Eero Saarinen, ‘Tulip occasional tables model 163M, pair’, 1957, Wright
Eero Saarinen, ‘Tulip occasional tables model 163M, pair’, 1957, Wright

Signed with decal manufacturer’s label to underside of each example: [Knoll Associates].
Dimensions: 16 dia × 20.5 h in (41 × 52 cm)

Manufacturer: Knoll Associates

Knoll Furniture: 1938-1960, Rouland and Rouland, ppg. 121, 123

About Eero Saarinen

The son of a renowned Finnish architect and a well-known textile artist, Eero Saarinen would go on to become one of the most iconic architects of his adopted homeland, the United States, during its post-WWII boom.
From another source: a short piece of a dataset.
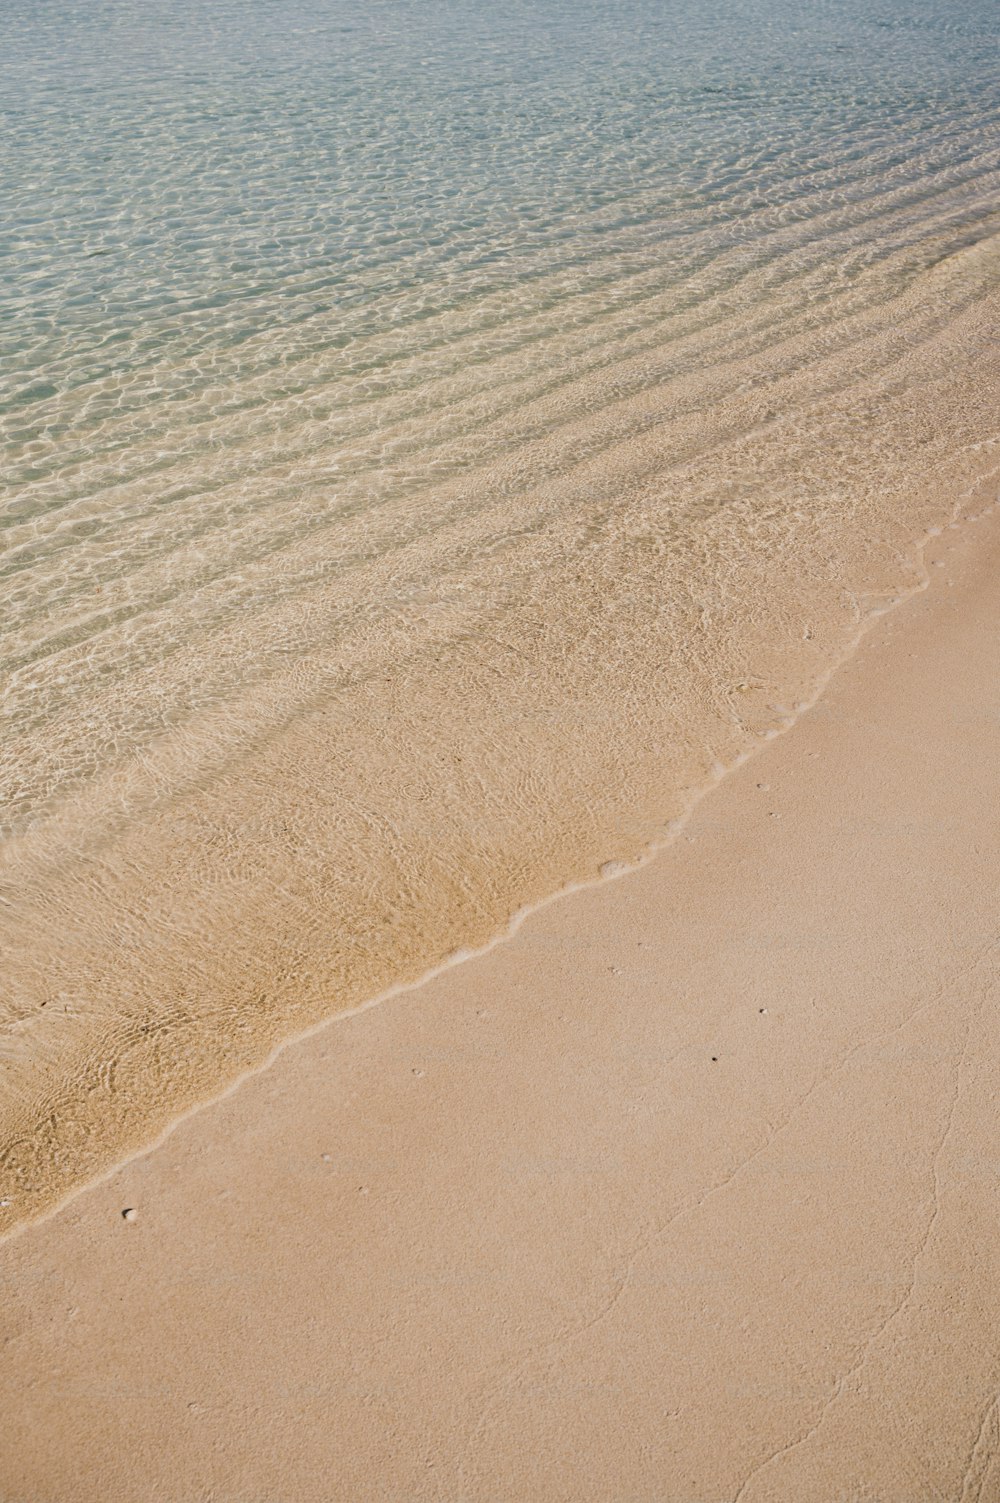 배경에 물이 있는 모래 해변

Saarinen’s legacy includes symbols of mid-century American design—with their swooping, jet-age curves—like the Gateway Arch in St. Louis and the TWA Flight Center at JFK Airport in New York. In addition to his achievements in architecture, Saarinen was also a successful furniture designer, gaining notoriety after winning the Museum of Modern Art’s “Organic Design in Home Furnishings” competition in 1940, along with Charles Eames, for their molded plywood chair design. This success led to a long collaboration with Hans and Florence Knoll, and such icons of design as the “Tulip” chair of 1955–56, as well as other pieces that employ Saarinen’s “one piece, one material” philosophy.